→ COLLECTED DATA:
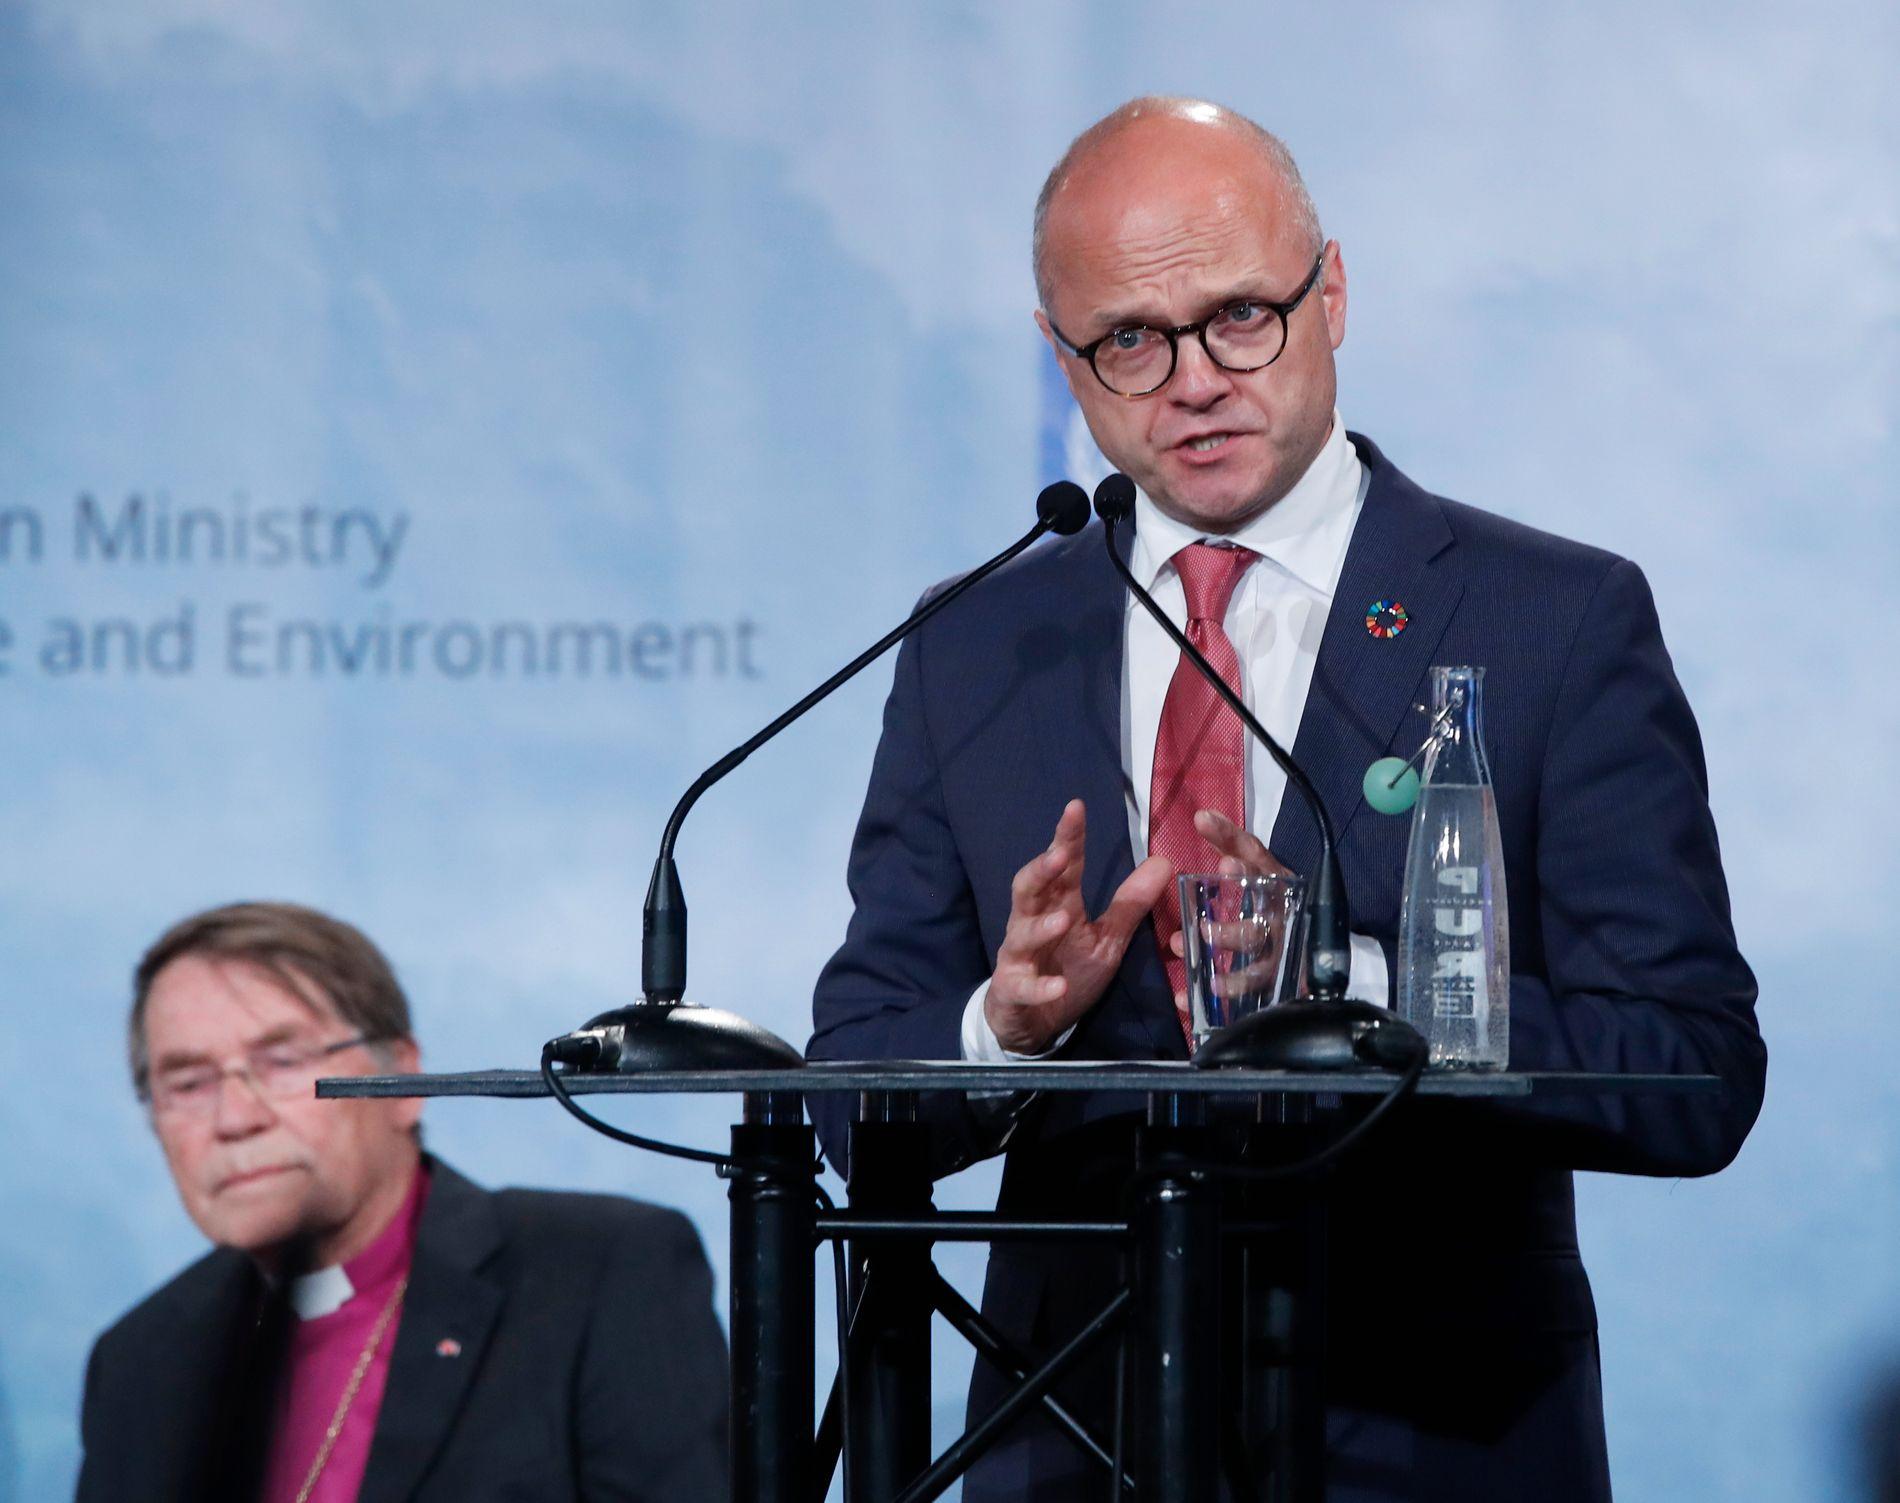 Statsråd Vidar Helgesen (t.h.) har signert miljøavtale med den amerikanske delstaten California. Foto: Lise Åserud / NTB scanpix
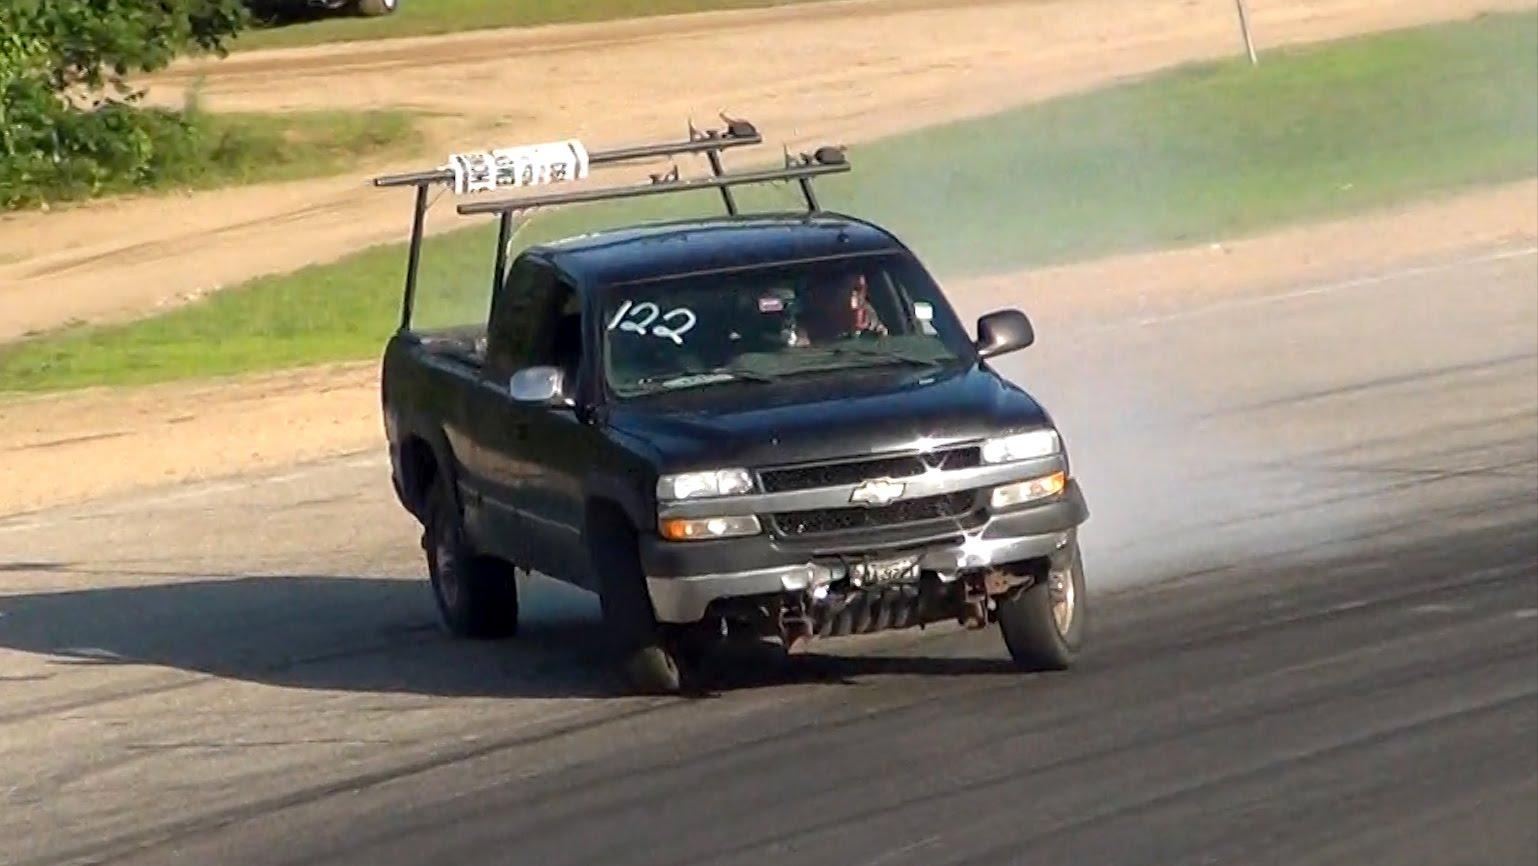 Chevy Silverado Work Truck Drifting Big No Car No
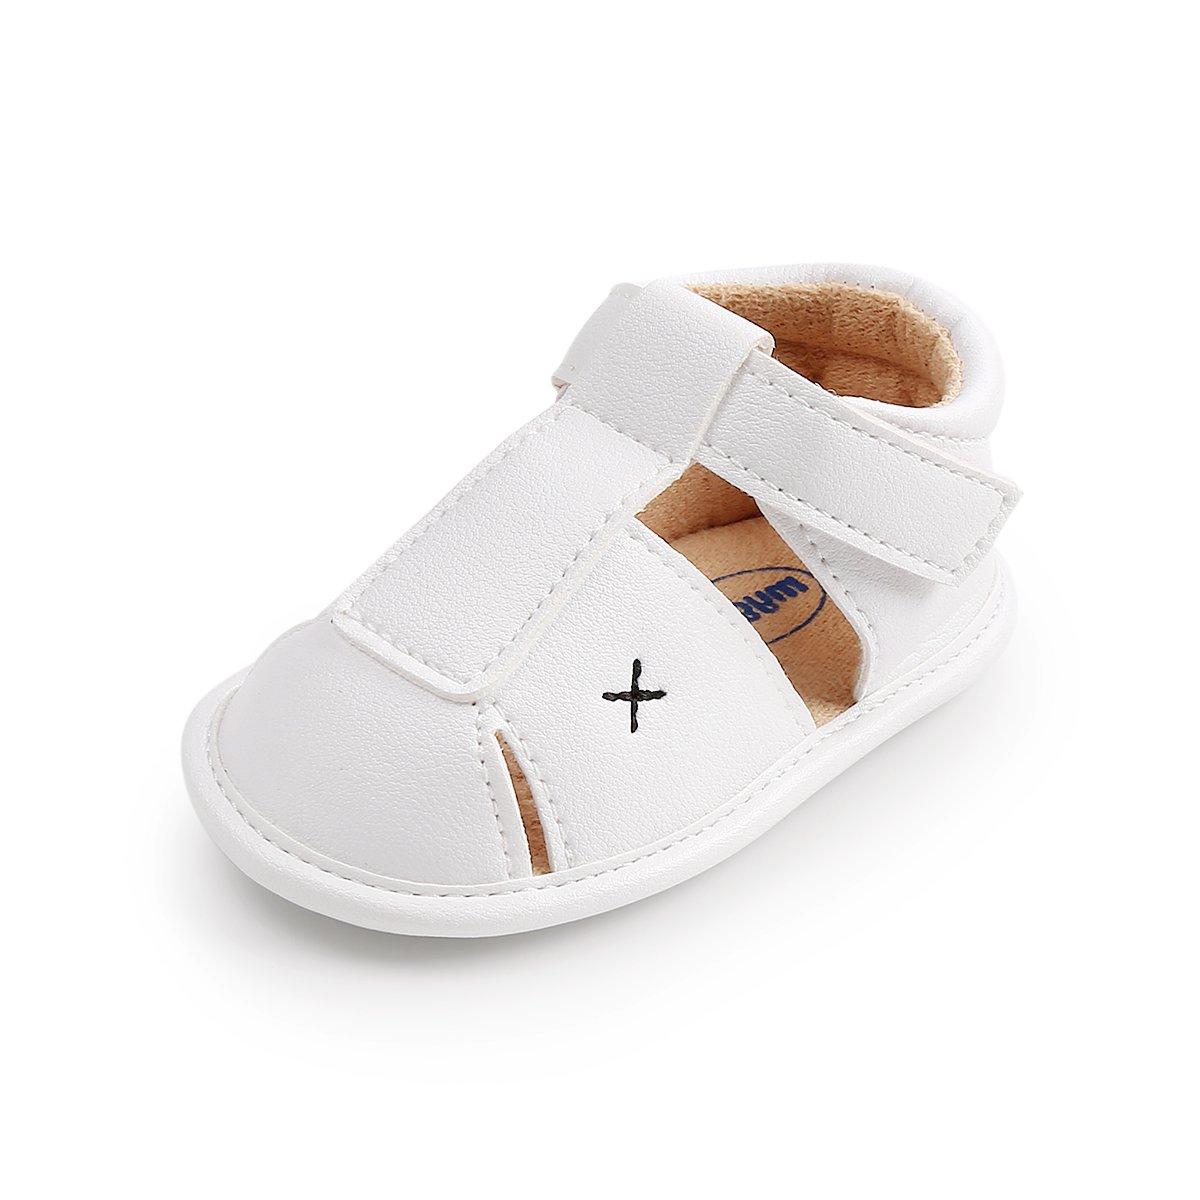 LUWU Baby Boy Girls Anti-Slip Sole Sandals Crib Shoes (6-12 Months, White) by LUWU

→ DESCRIPTION OF THE TASK:
Once the line holding "Chevy Silverado Work" is found, copy it and each later line exactly through the end of the data, leaving out the pictures.

→ RESULT:
 Chevy Silverado Work Truck Drifting Big No Car No
 LUWU Baby Boy Girls Anti-Slip Sole Sandals Crib Shoes (6-12 Months, White) by LUWU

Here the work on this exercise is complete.